United States v. Wagner

MEMORANDUM **

Federal prisoner John Allen Wagner appeals pro se his conviction and 210 month sentence for seven counts of bank robbery, in violation of 18 U.S.C. § 2113(a). We have jurisdiction pursuant to 28 U.S.C. § 1291, and affirm.

Wagner first contends the FDIC certificates of insurance were erroneously admitted at trial. Because Wagner did not timely object to their admission, we review for plain error. See United States v. Pino-Noriega, 189 F.3d 1089, 1097 (9th Cir.), cert. denied, 528 U.S. 989, 120 S.Ct. 453, 145 L.Ed.2d 369 (1999). Wagner’s contention is without merit because the certificates fall outside the definition of hearsay. See United States v. Bellucci, 995 F.2d 157, 160-61 (9th Cir.1993); see also United States v. Alexander, 48 F.3d 1477, 1486-87 (9th Cir.1995) (upholding admission of FDIC certificates under Fed. R.Evid. 803(24)); United States v. Chapel, 41 F.3d 1338, 1340-41 (9th Cir.1994) (upholding admission under Fed.R.Evid. 803(10)). Despite Wagner’s arguments to the contrary, the FDIC’s records were properly authenticated and satisfied the best-evidence rule.1 See 12 U.S.C. § 1820(f); Fed.R.Evid. 902(1), 1005.

Wagner next contends the evidence presented was insufficient to prove that the banks were federally insured. A conviction will be reversed for insufficient evidence only if, after reviewing the evidence in the light most favorable to the prosecution, no rational trier of fact could have found an essential element beyond a reasonable doubt. See United States v. Gil 58 F.3d 1414, 1423 (9th Cir.1995). Because we have concluded that the FDIC’s records were properly admitted, Wagner’s contention is without merit. See Chapel, 41 F.3d at 1341.

Wagner also contends the government impermissibly vouched for the veracity of its witnesses. We review whether the government improperly vouched for the credibility of witnesses for plain error. *544See United States v. Daas, 198 F.3d 1167, 1174 (9th Cir.1999), cert. denied, 531 U.S. 999, 121 S.Ct. 498, 148 L.Ed.2d 468 (2000). Wagner’s contention is without merit because the record does not show that the government placed its prestige behind any witnesses. See United States v. Sarkisian, 197 F.3d 966, 989-90 (9th Cir.1999), cert. denied, 530 U.S. 1220, 120 S.Ct. 2230, 147 L.Ed.2d 260 (2000).
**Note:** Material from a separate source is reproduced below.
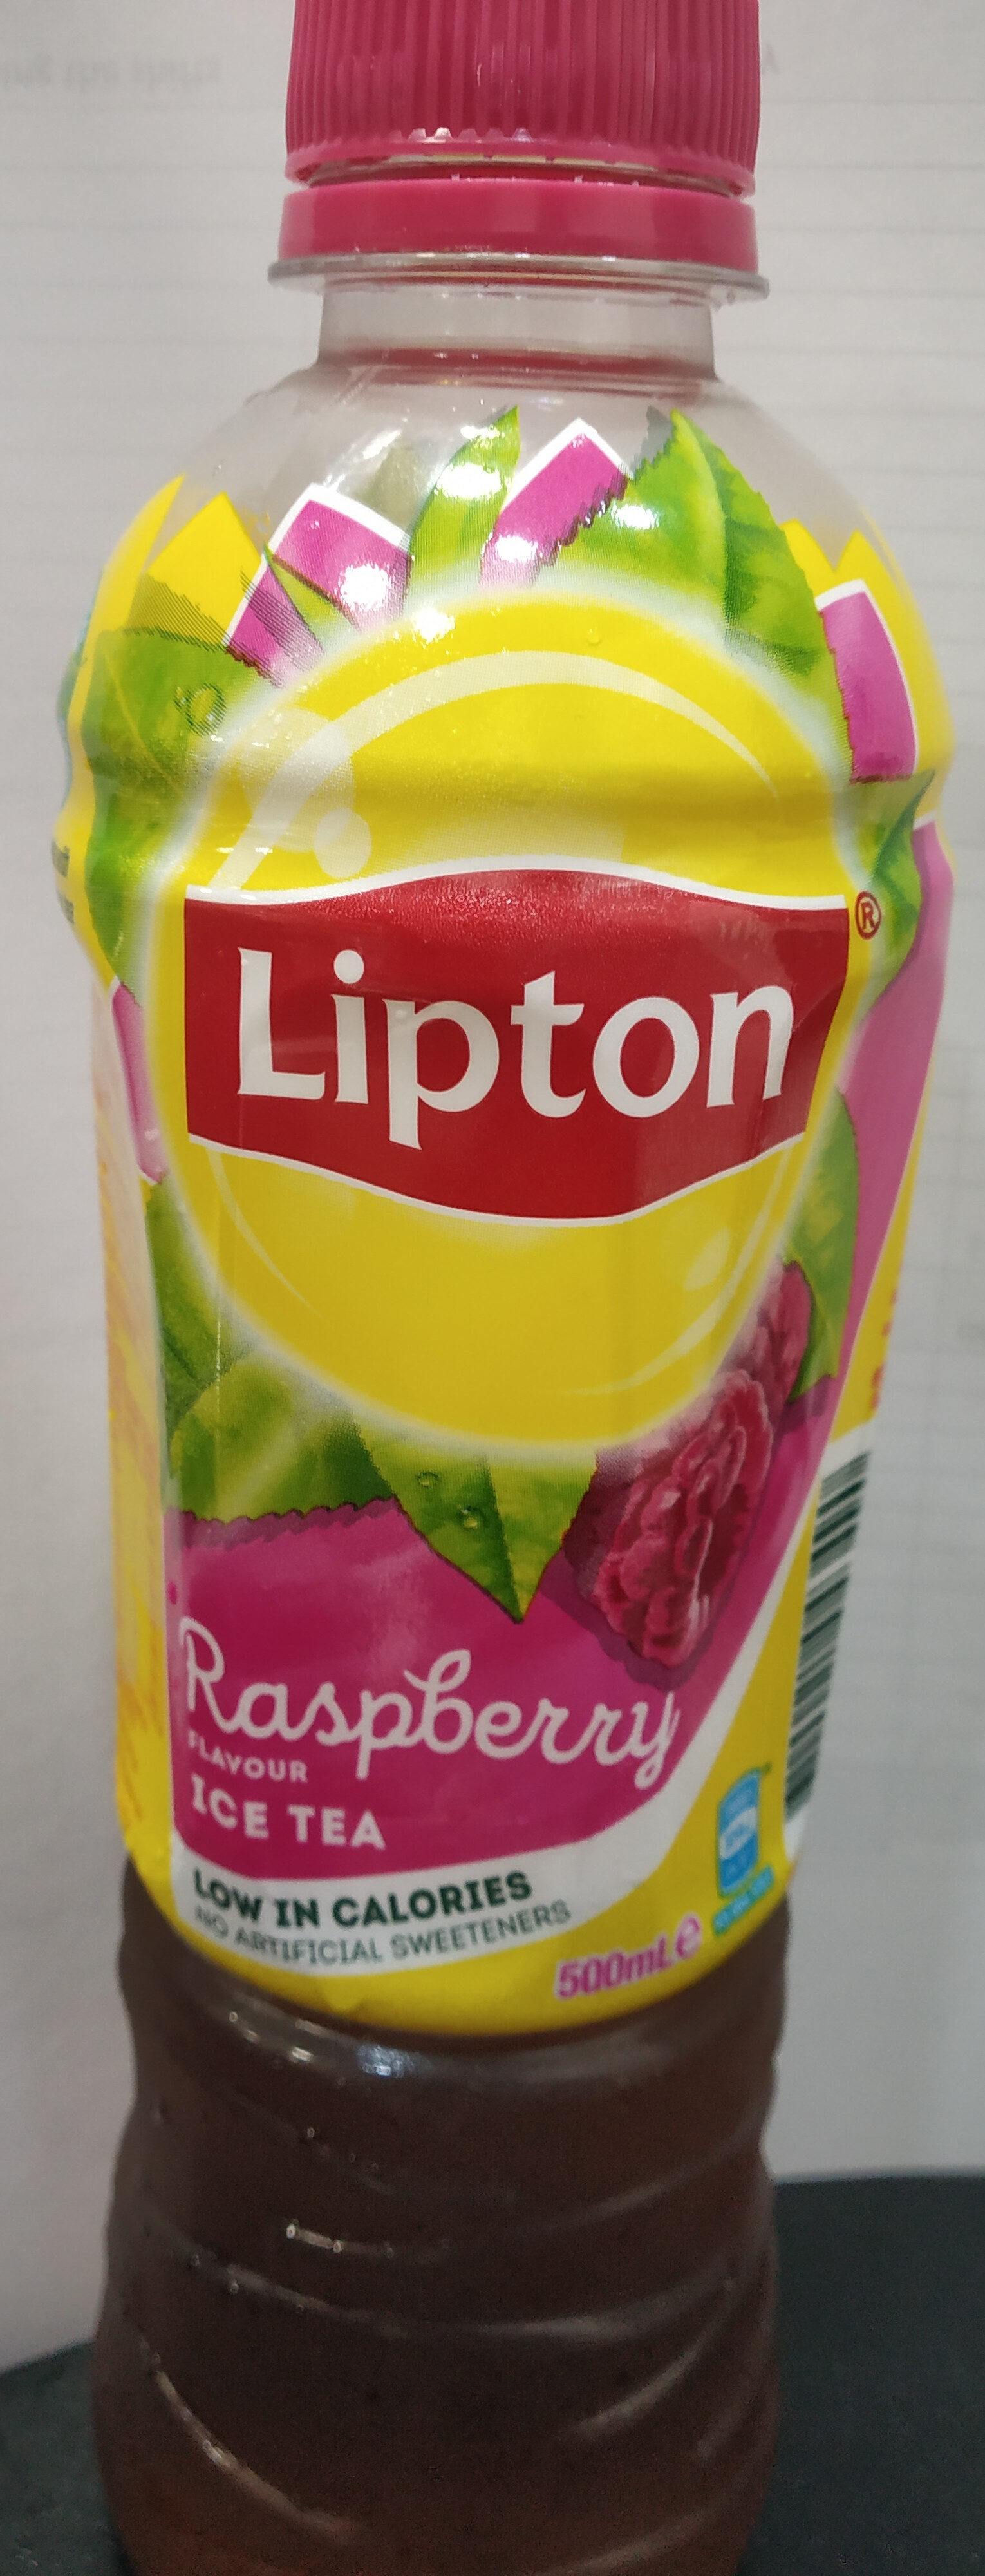 Raspberry Tea - Product - en

Wagner further contends his sentence violated Apprendi v. New Jersey, 530 U.S. 466, 120 S.Ct. 2348, 147 L.Ed.2d 435 (2000). Because Wagner did not object at sentencing, we review for plain error. See United States v. Nordby, 225 F.3d 1053, 1059-60 (9th Cir.2000). Wagner’s contention is without merit because his 210 month sentence is less than the twenty year maximum provided in 18 U.S.C. § 2113(a); as such, Apprendi is not implicated. See United States v. Egge, 223 F.3d 1128, 1131 n. 1 (9th Cir.2000); see also United States v. Pacheco-Zepeda, 234 F.3d 411 (9th Cir.2000) (concluding Apprendi did not overrule Almendarez-Torres v. United States, 523 U.S. 224, 118 S.Ct. 1219, 140 L.Ed.2d 350 (1998)), cert. denied, — U.S.-, 121 S.Ct. 1503, 149 L.Ed.2d 388 (2001). In addition, the district court properly sentenced Wagner to supervised release and ordered him to pay restitution. See 18 U.S.C. §§ 3663A, 3583(b)(2).

Finally, Wagner, for the first time in his reply brief, contends he is entitled to a hearing on whether his prior burglary conviction qualifies as a predicate conviction for sentence-enhancement purposes. See Taylor v. United States, 495 U.S. 575, 110 S.Ct. 2143, 109 L.Ed.2d 607 (1990). We decline to address this contention because “[i]ssues not ‘specifically and distinctly raised and argued’ in the opening brief need not be considered by the court.” United States v. Montoya, 45 F.3d 1286, 1300 (9th Cir.1995).

AFFIRMED.

This disposition is not appropriate for publication and may not be cited to or by the courts of this circuit except as may be provided by 9th Cir. R. 36-3.

. Wagner requests this court to take judicial notice of the FDIC’s manual for processing requests for certification. While the existence of the manual may be judicially noticed, the legal conclusions Wagner infers from it are inappropriate for judicial notice because they include disputed facts. See Fed.R.Evid. 201(b).